GLENWOOD SPRINGS — Colorado Mountain College and the University of Denver are working together to bring a master’s degree in social work to Garfield County.

The Graduate School of Social Work at the University of Denver has recently started enrolling students into its Master of Social Work program in western Colorado. Colorado Mountain College will host the program at its Glenwood Center, 1402 Blake Avenue, behind the City Market, in Glenwood Springs.

Classes will start in fall 2013. Available spots are already being filled.

“By partnering with the University of Denver, we’re able to help empower our local residents with greater access, so they can earn an advanced degree from a well-respected university,” said Dr. Charles Dassance, interim president of Colorado Mountain College. “Not only will this degree prepare people for careers in social services, it will provide the highly educated professionals to meet a very real need in western Colorado communities.”
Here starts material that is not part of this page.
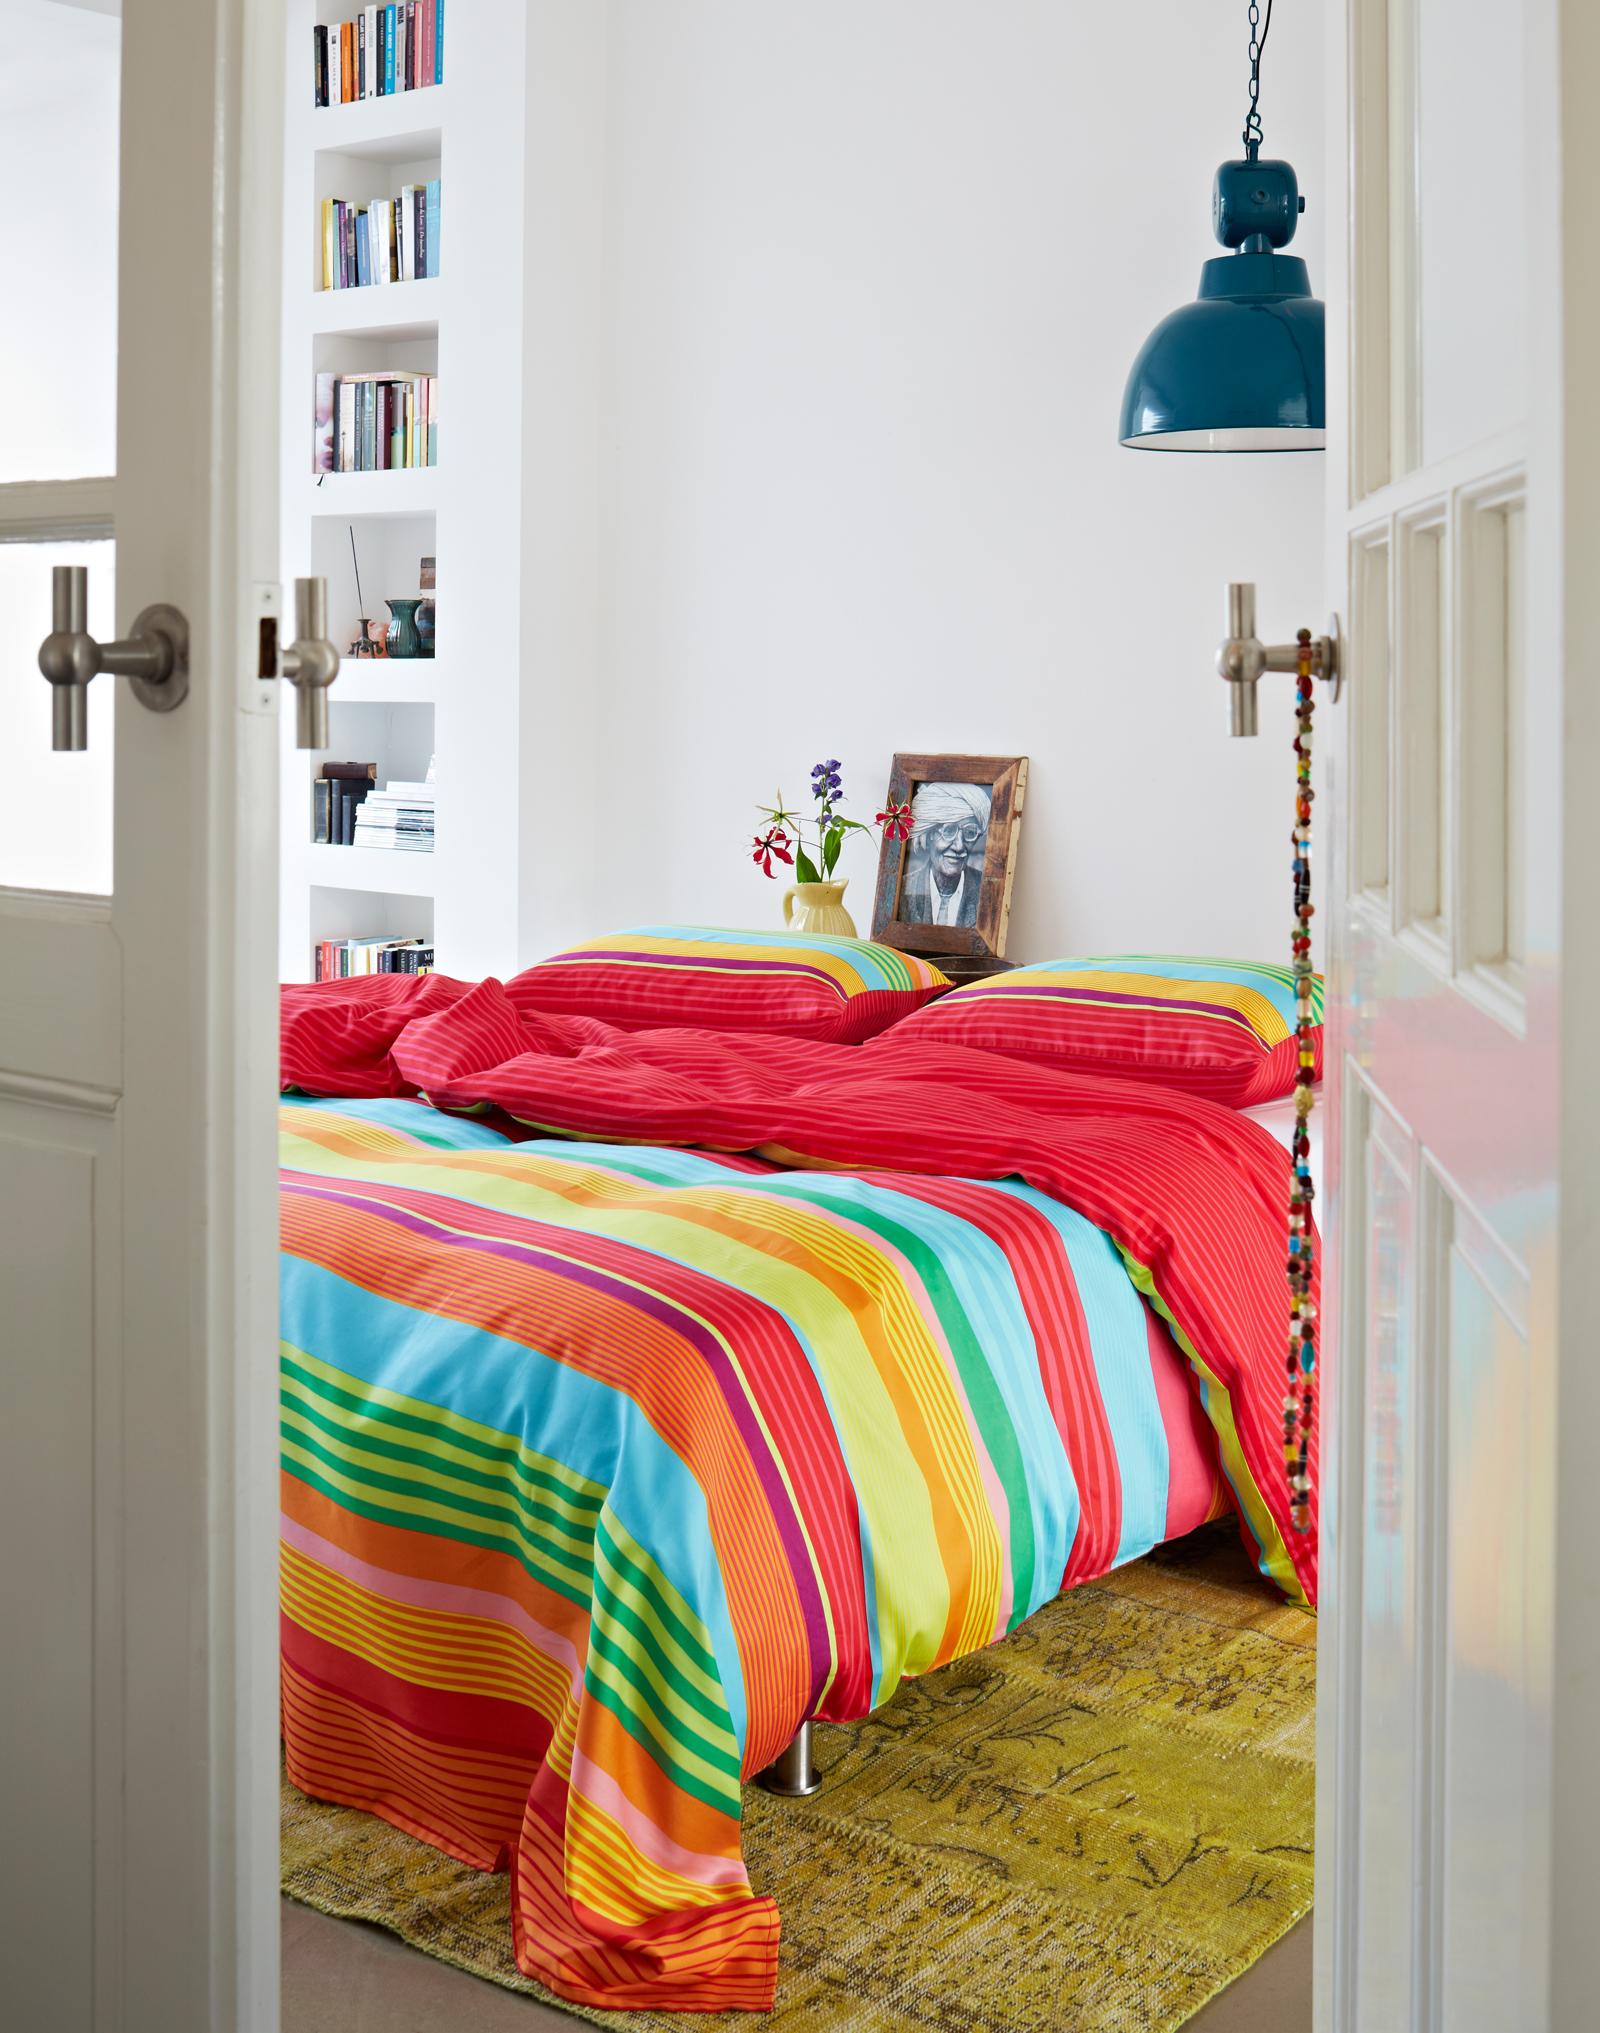 Bettwäsche als Dekoration einsetzen #wandregal #teppich #bettwäsche #buntebettwäsche ©Essenza Home/Covers & Co

Over the past year, the University of Denver has studied the viability of making its master's in social work available in western Colorado, similar to the degree they offer in Durango in cooperation with community partners that include Fort Lewis College. With support from Garfield County Department of Human Services staff, which discerns the great need for social workers in this part of the state, the private university from the Front Range and the public college from the Western Slope joined forces.
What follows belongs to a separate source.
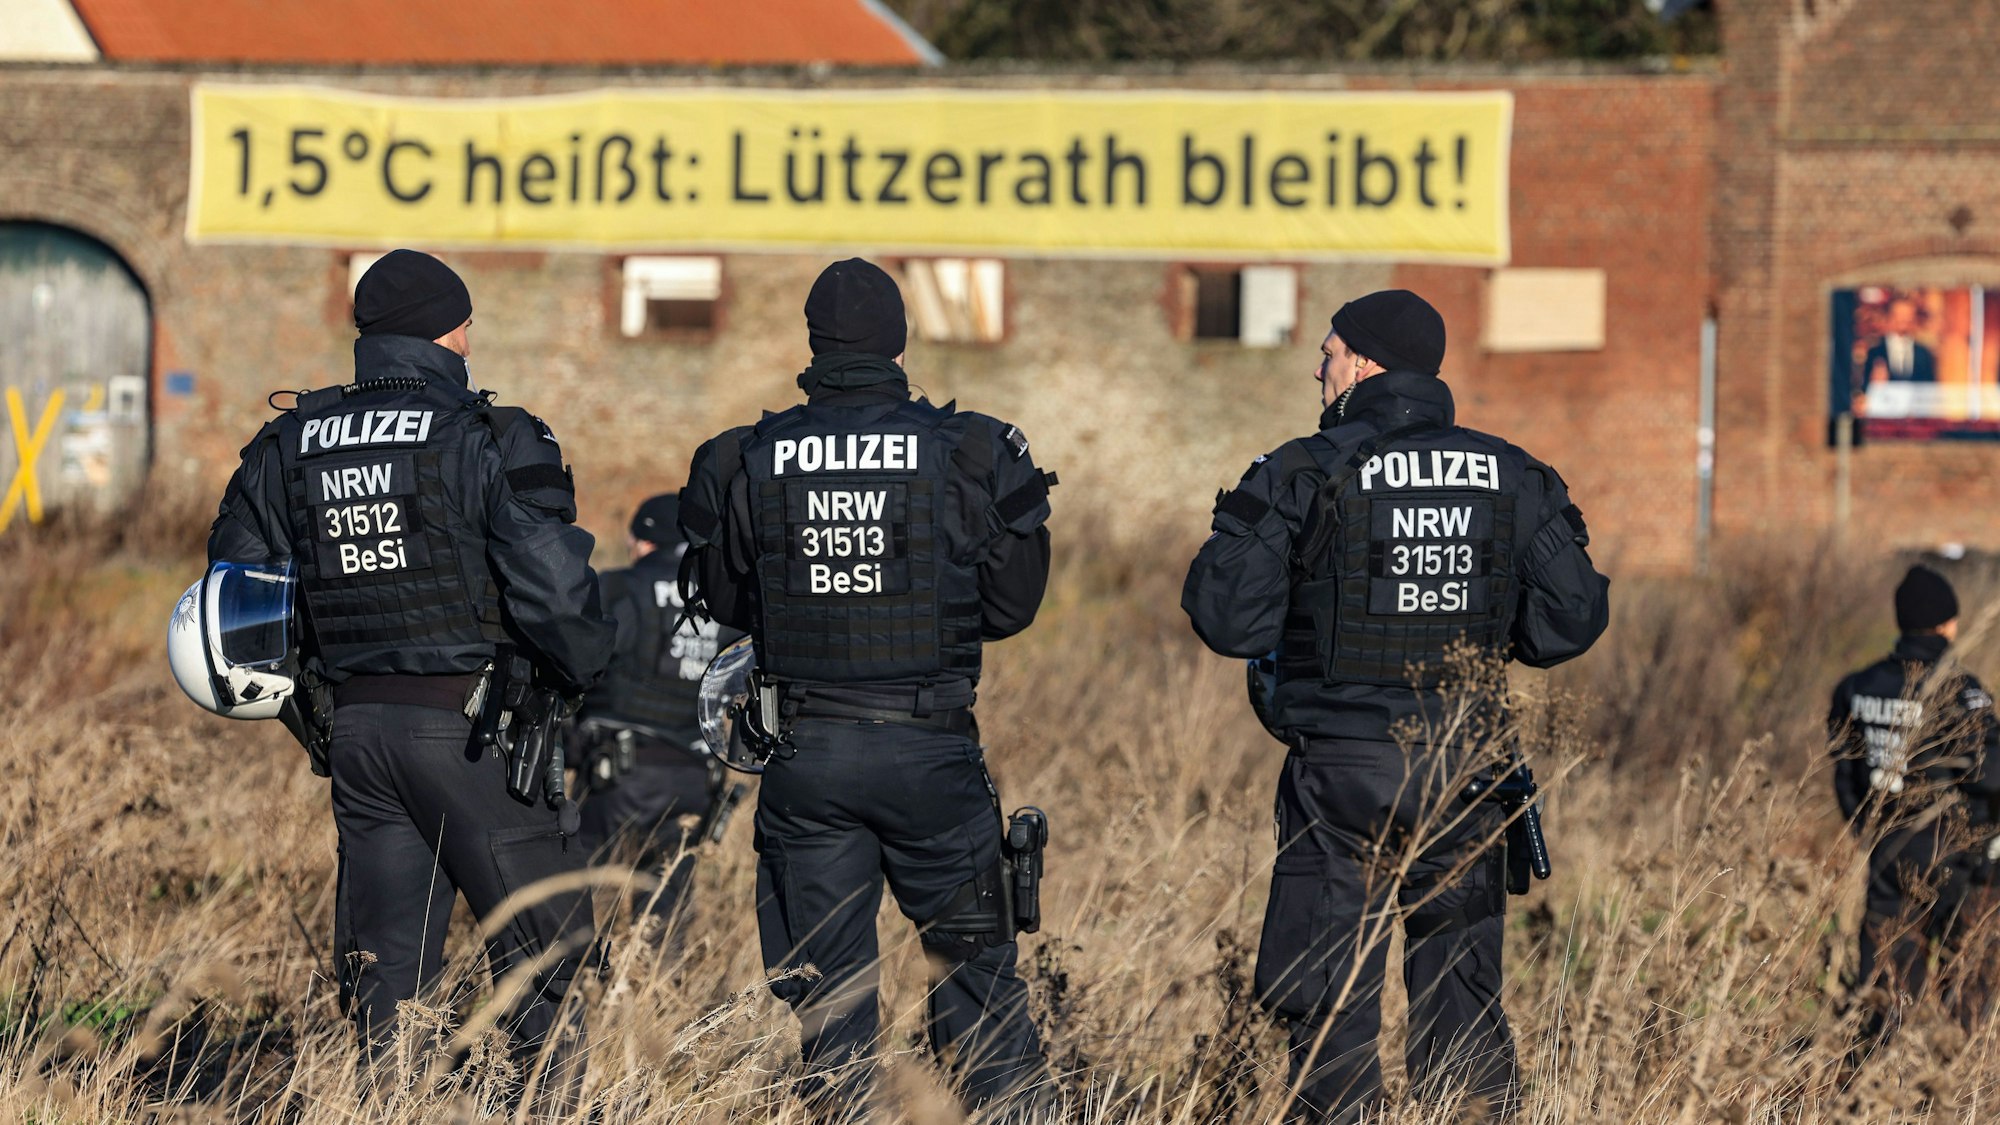 Polizisten stehen in Lützerath am Rande des Braunkohletagebaus, im Hintergrund hängt ein Banner „1,5°C heißt:Lützerath bleibt!“

The program combines both classroom and online instruction. Classes held Friday evenings and on Saturdays will accommodate the needs of working professionals, and students enrolled in the degree will enjoy a reduced tuition rate from the University of Denver.

“This collaboration is absolutely critical to prepare our western Colorado students to meet the regional workforce demands of human services departments,” Garfield County human services director Mary Baydarian said in a press release. “It also fills our needs for locally based social workers for a wide range of career positions, expanding our local workforce to the master’s level to serve our western Colorado residents and clients.”

CMC is a longstanding partner with the Garfield County Department of Human Services in providing such programs as LINK to Success, Go to Work Workshops and GarCo Sewing Works to help public assistance clients transition successfully into jobs and careers.

The two-year master's program is available to applicants with a baccalaureate degree in an academic discipline other than social work, earned at a regionally accredited college or university. In addition a one-year degree option is available to qualified applicants with a bachelor of social work degree.

“Our students who’ve earned a bachelor’s in sustainability studies will be able to feed into the University of Denver’s master’s degree,” said Dr. Brad Tyndall, senior vice president of academic affairs at Colorado Mountain College. “It gives them a pathway to an advanced degree, and to well-paying jobs.”

In addition, the Colorado Department of Human Services, in partnership with Graduate School of Social Work's Butler Institute for Families, has committed to offering eight Title IV-E child welfare stipends of $8,000 each to this program. Stipend recipients must commit to working in public child welfare in Colorado one year for each year they receive the stipend.